Based on Lynn Riggs' 1929 play of the same name, it focuses on "early-20th century folks who didn't care to be absorbed into statehood".

==Background==
Jones directed the play Roadside for his master's thesis in directing at the University of Texas. After Jones arrived in New York, Schmidt and he wrote a few songs for the musical and made a demo (but gave up since they could not acquire the rights).

==Productions==
The show premiered on February 16, 2001, at the Irving Arts Center in Irving, Texas, with a cast consisting of Randy Tallman (Pap Raider), Stan Graner (Amos K. "Buzzey" Hale), Julie Johnson (Hannie Raider), Ryan Appleby (Red Ike), Steve Barcus (Black Ike), Jonathan Beck Reed (Texas), Richard Estes (The Verdigree Marshall), Rick Prada (Neb, the Jailer), Jerry Haynes (Judge Snodgrass), and Lois Sonnier (Miz Foster). The orchestra had Nyela Basney (piano), Mike Cruciger (banjo/guitar), and Dave Yonley (fiddle).

The show then moved to the Granbury Opera House in Granbury, Texas, and stayed there from March 9 through April 1, 2001.

The show opened Off-Broadway at the York Theatre on November 29, 2001, and starred Jennifer Allen (Mitz Foster), Ryan Appleby (Red Ike), G.W. Bailey (Pap Raider), Steve Barcus (Black Ike), Tom Flagg (Ned the Nailer), James Hindman (Amos K. "Buzzey" Hale), Julie Johnson (Hannie), Jonathan Beck Reed (Texas), and William Ryall (The Vedigree Marshall).

==Synopsis==

The following is taken from the Roadside CD pamphlet:

Act One

On a small, traveling tent show stage like the ones that used to tour rural Texas during the early part of the twentieth century, Uncle Billy Barlow (G.W. Bailey) welcomes the audience and invites them to enjoy the show for the evening – “ROADSIDE.” As he hawks Uncle Billy Popcorn and introduces the other members of the company, he and the actors sing UNCLE BILLY’S TRAVELIN’ FAMILY SHOW.

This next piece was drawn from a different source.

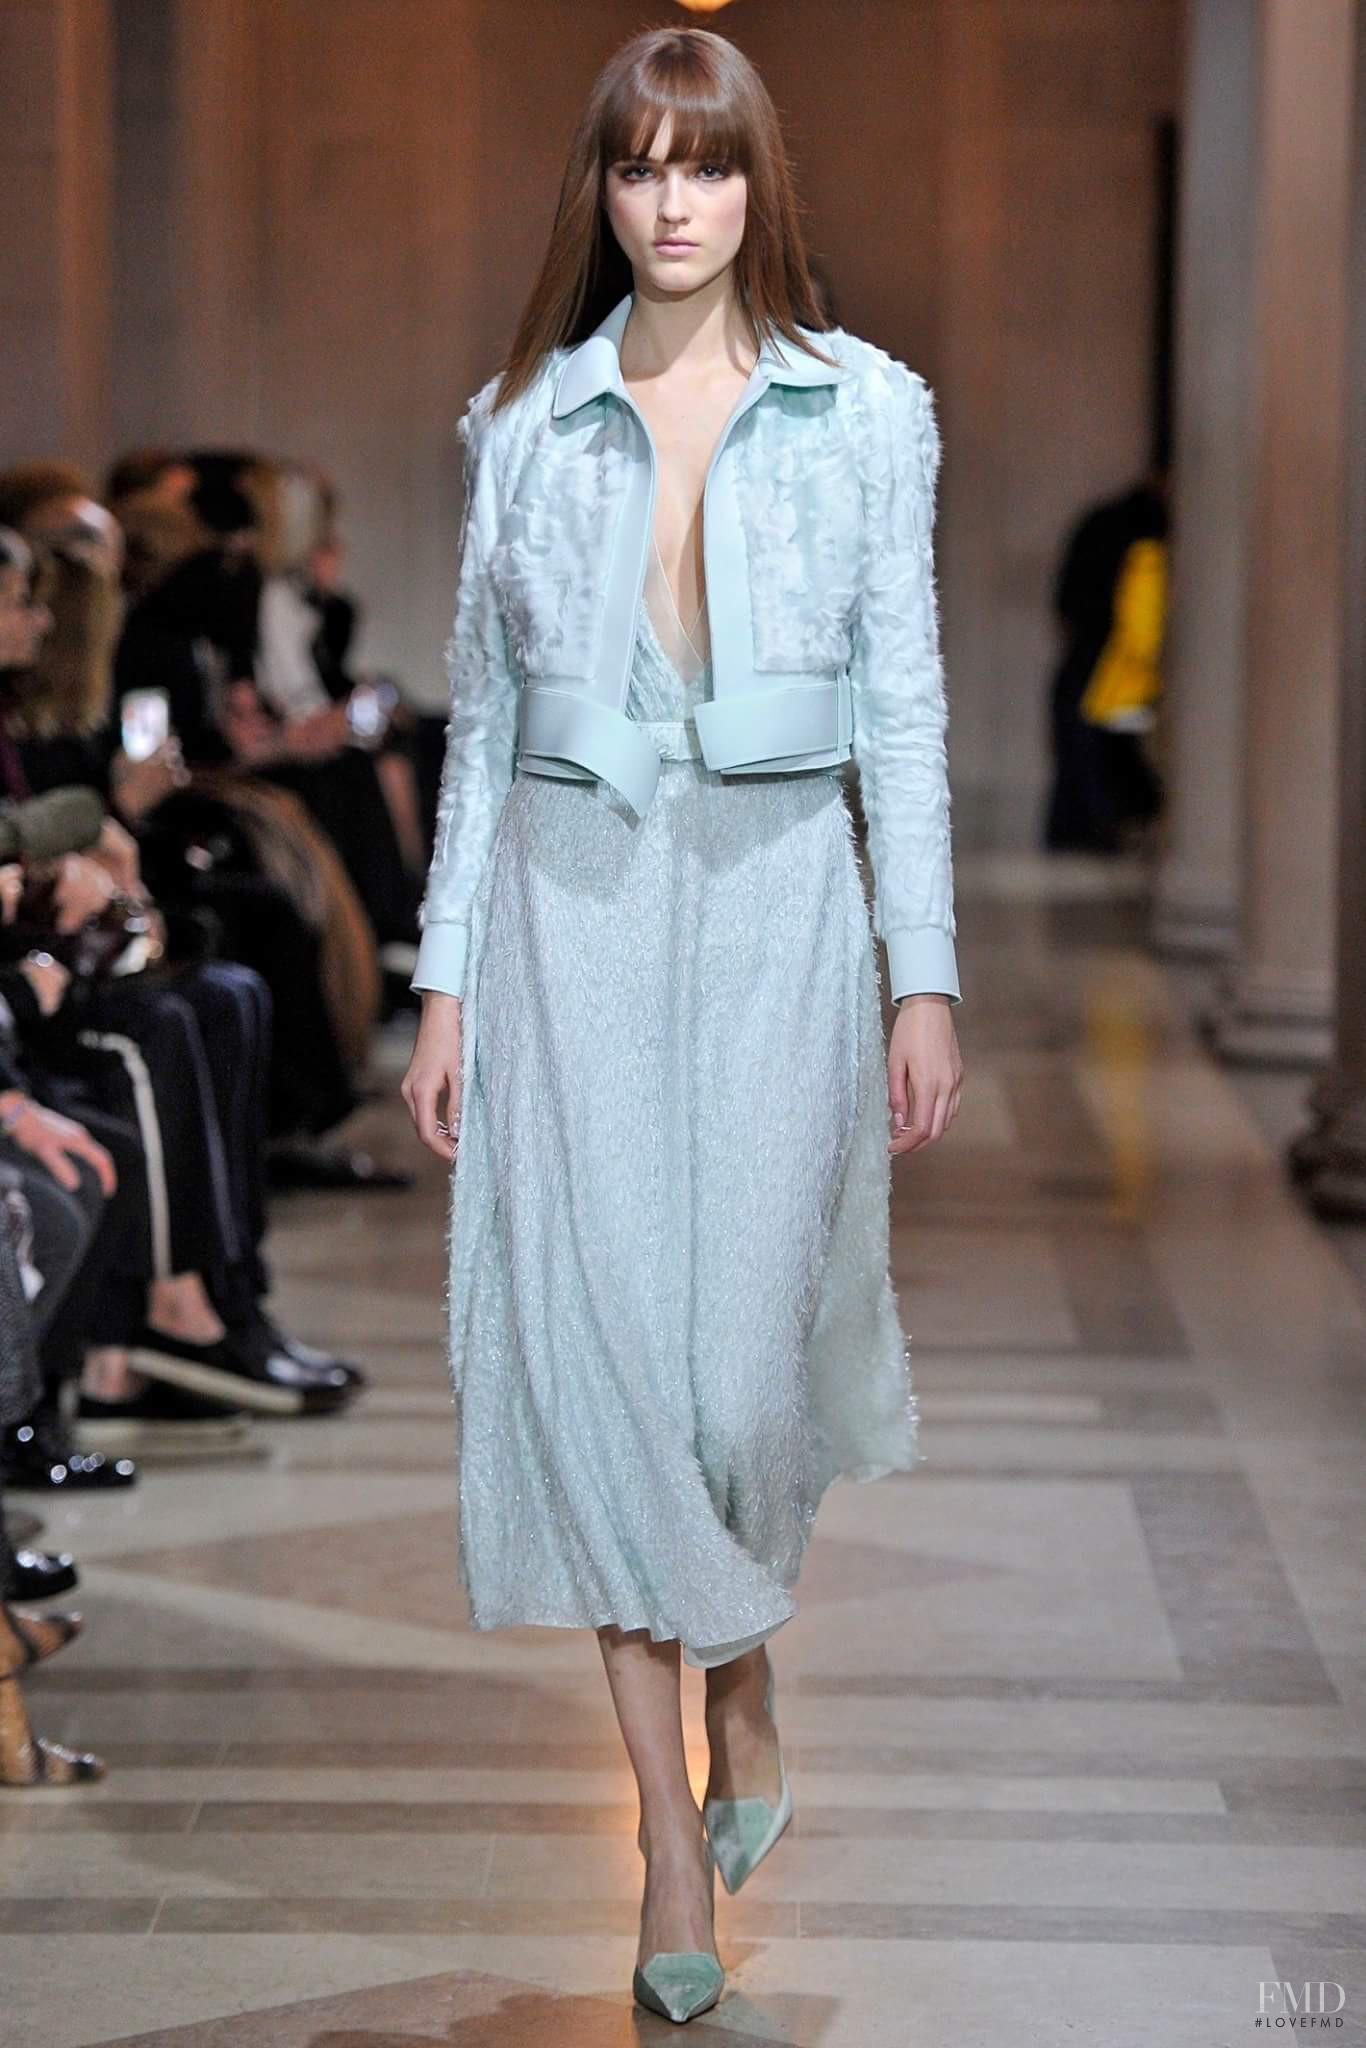 Carolina herrera international fashion designer Carolina Herrera, 35 years of Fashion

Opening over, Uncle Billy steps into his role as Pap Raider while several of the others join him in a small “covered wagon” made of old-fashioned cut-out scenery. As the two look-alike cousins, Red Ike and Black Ike (Ryan Appleby & Steve Barcus) kneel in the shadows at the side and make the sound of horses’ hoofs, Pap sings ROADSIDE, joined first by Buzzey (James Hindman), a dried-up little farmer who is following on foot, and then by Pap's daughter Hannie (Julie Johnson), a lusty western woman with a romantic heart and a wicked sense of humor. When the wagon stops by the roadside, Buzzey tries to persuade Hannie to marry him and come live on his farm. Hannie is intrigued. “Just think,’ she says, “wake up in the morning and know whur you’re at.” But she has other dreams, dreams of finding a big, brawny, free-spirited man who can be Adam to her Eve. In the meantime, she's just waiting (HERE AM I).

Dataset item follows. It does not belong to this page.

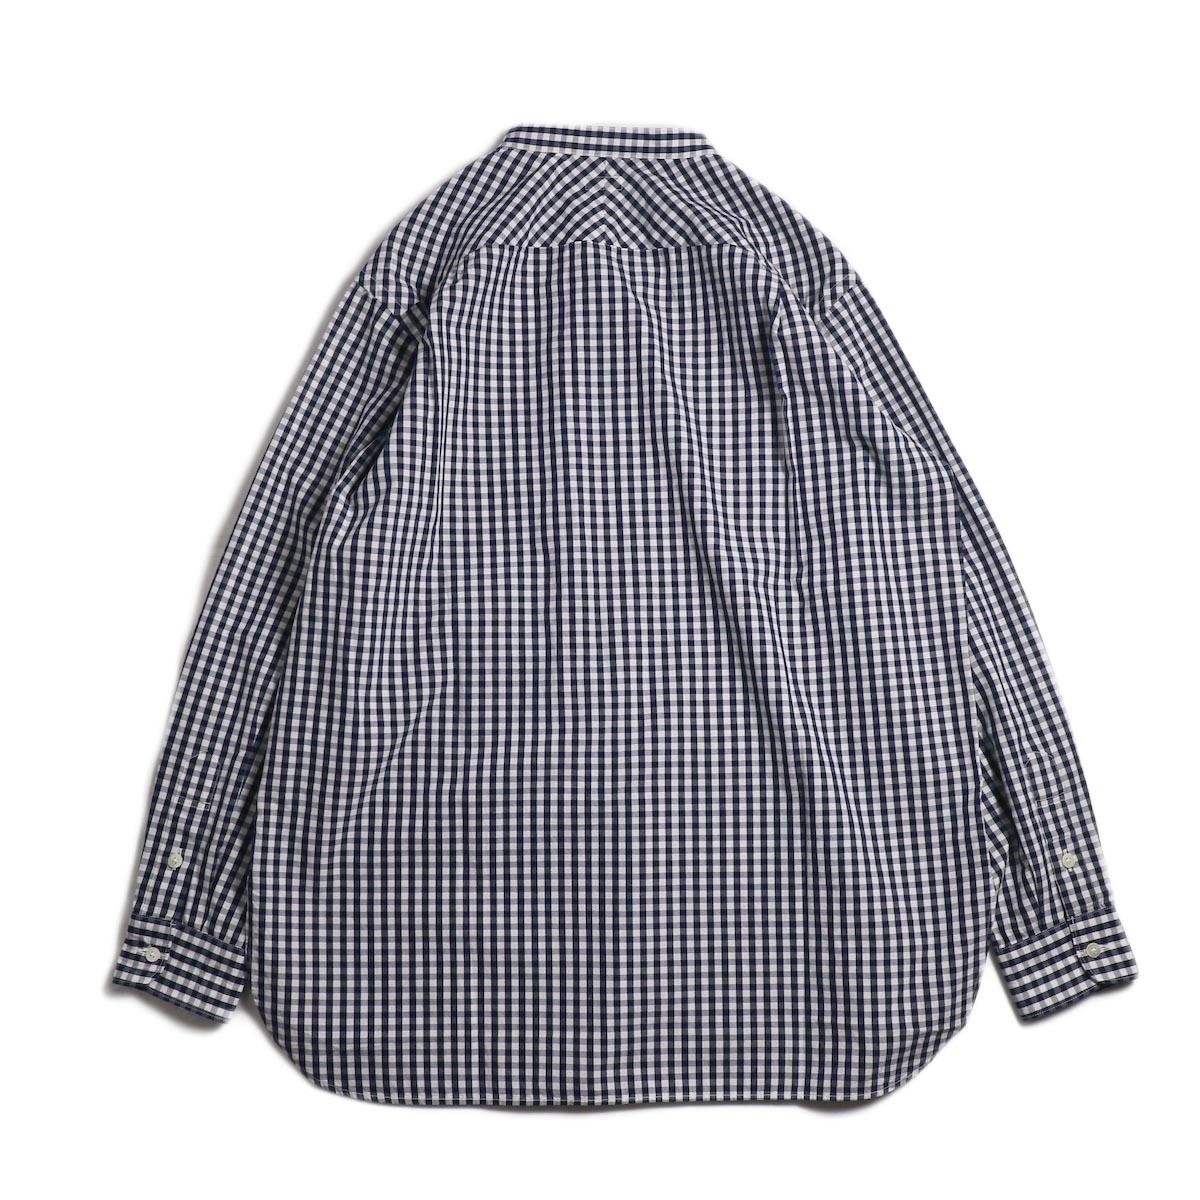 blurhms / Polish Chambray Band Collar Shirt L/S -GMCH-Navy 背面

The Ikes come rushing in with news of a crazy ring-tail-tooter of a cowboy named Texas who got drunk and tore up the town of Verdigree. He kicked the judge off the bench and “made just plumb hash” out of the courtroom. Hannie is impressed, and when she hears a loud, shouting voice down the road, she hurries into the wagon to get ready. Texas (Jonathan Beck Reed) comes in, banged-up from the brawl, and he and Pap hit it off immediately (I DON’T WANT TO BOTHER NOBODY).

When Hannie steps out of the wagon, all dolled up in her best dress, Texas is impressed. She tells him that when she heard him coming she ran in the wagon and purtied herself up before he got there. “Put most a pint of flour on my face to make me look nice. And smellamagoody perfume, half a bottle. Smell me.” Then, as she teasingly vamps him and he responds in a perfumed trance, Buzzey tries to distract them both from the business at hand (SMELLAMAGOODY PERFUME).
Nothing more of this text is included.